Storytelling is the brand. Without it, we’re just a snack in a nice can. But with it, we become something more, something that speaks to identity, memory, and community. We grew up in Britain where our food was often misunderstood, mocked, or reduced to stereotypes. So now, through Curry Smugglers, we’re telling a different story, one that celebrates the richness, the humour, and the everyday brilliance of South Asian culture.
Every product we launch starts with a story. The Chakli isn’t just a crunchy snack, it’s the ritual of Diwali prep, the clang of a tin opening, the scent of frying flour. The Bombay Mix is our nod to road trip pit stops, late-night leftovers, and that one cousin who eats all the cashews first. These stories live on our packaging, our website, our socials, and even in our investor decks.

As first-generation founders, what’s one lesson you learned the hard way that you wish someone had told you sooner?

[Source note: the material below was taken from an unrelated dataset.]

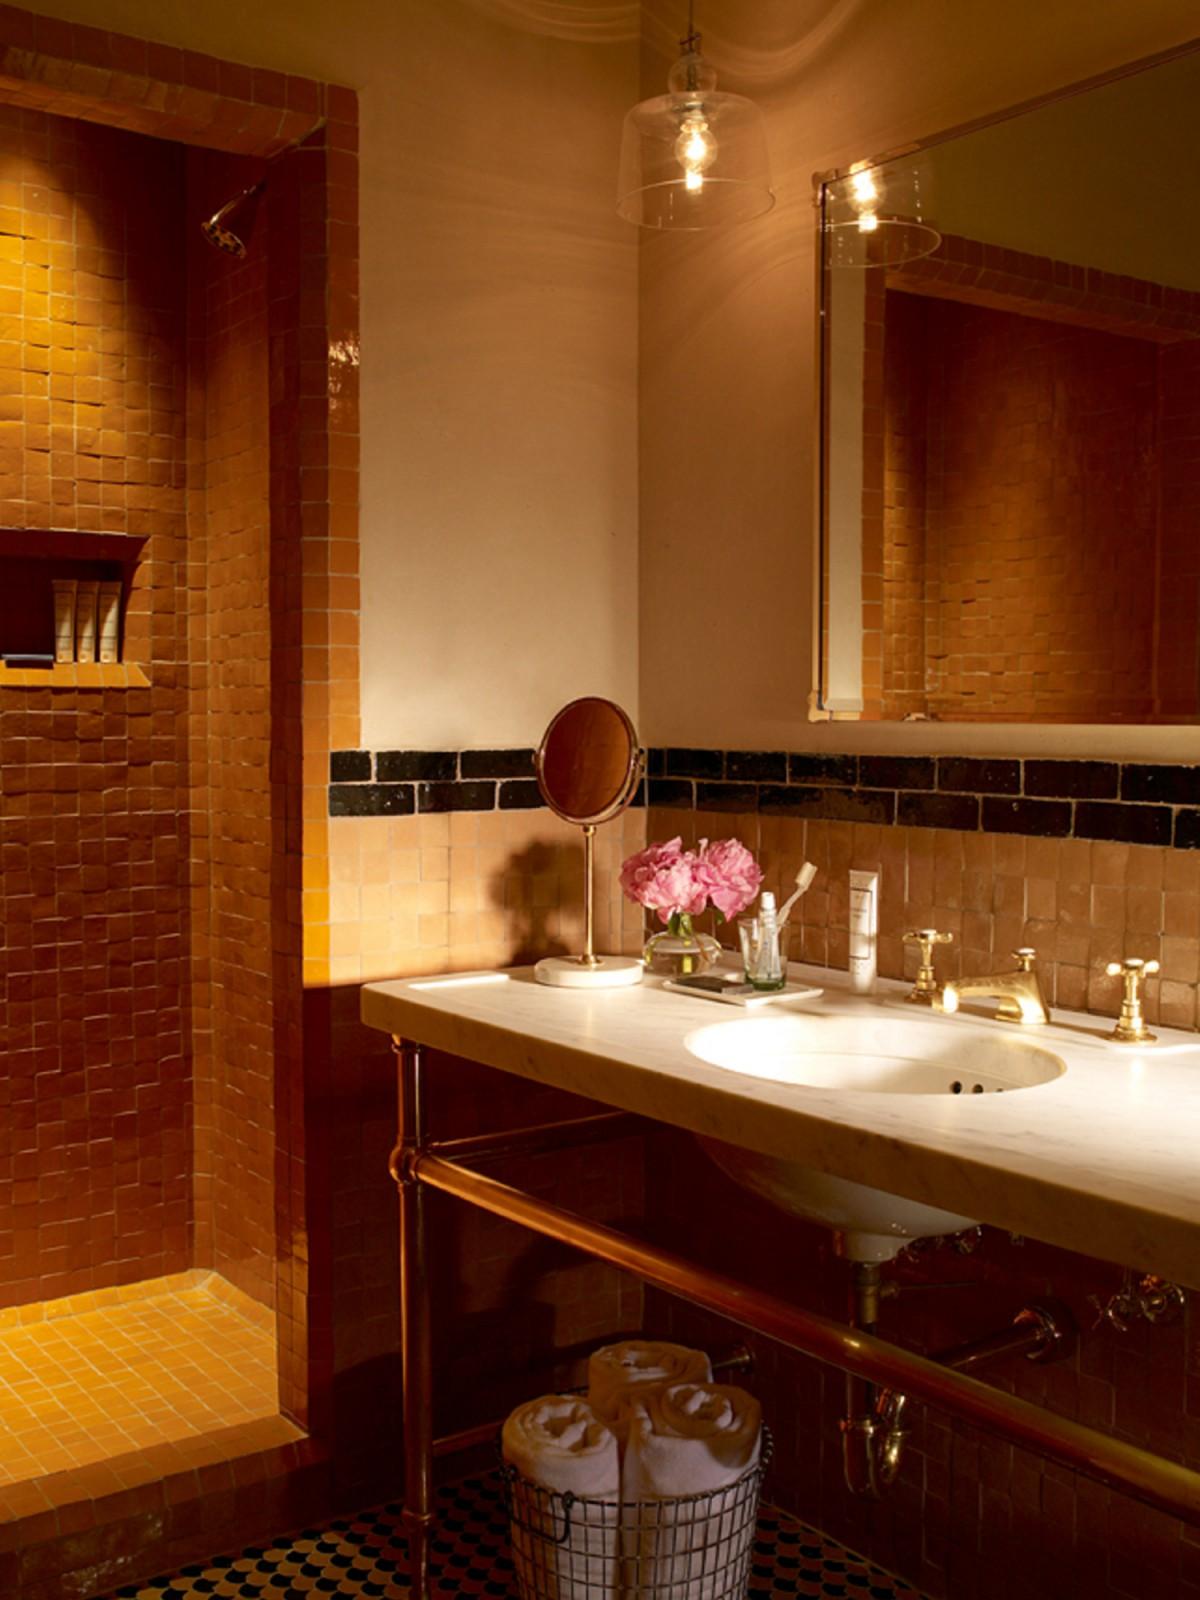 Bathroom detail in the Courtyard Queen Room

What is your idea of success?

That there’s no perfect moment to start. Like many first-generation kids, we were raised to be cautious, to make things bulletproof before showing them to the world. But entrepreneurship rewards momentum, not perfection. We wish someone had said: launch messy, learn fast, keep going.
We also had to unlearn the idea that being different was a disadvantage. For a while, we worried we didn’t look or sound like “professional” founders. But our background, our cultural knowledge, taste memories, and lived experience is our unfair advantage. Now we’re building a business that looks like us, sounds like us, and reflects our community. We trust our gut, ask for help, and show up fully. If we’d known that sooner, we’d have spent less time second-guessing and more time scaling.

For us, success isn’t just a line on a graph or a revenue milestone, although we care deeply about building something sustainable. True success is cultural and emotional. It’s someone walking into a shop, spotting our can on the shelf, and feeling seen.
We want to be the brand that proudly represents a new generation of South Asians, kids who grew up eating chakli but now work in Soho; aunties who still make pakoras from scratch but are thrilled to see them in a can; non-desi snack lovers who discover our range and get hooked.
If we can be part of your life in that way, on your coffee table, in your lunchbox, in your Diwali hampers, we’re already succeeding. And if we can open doors for more desi-owned food brands to get the space, respect, and design love they deserve? That’s legacy.
Success is being able to say: we did this our way, and we did it with flavour, soul, and Desi swagger.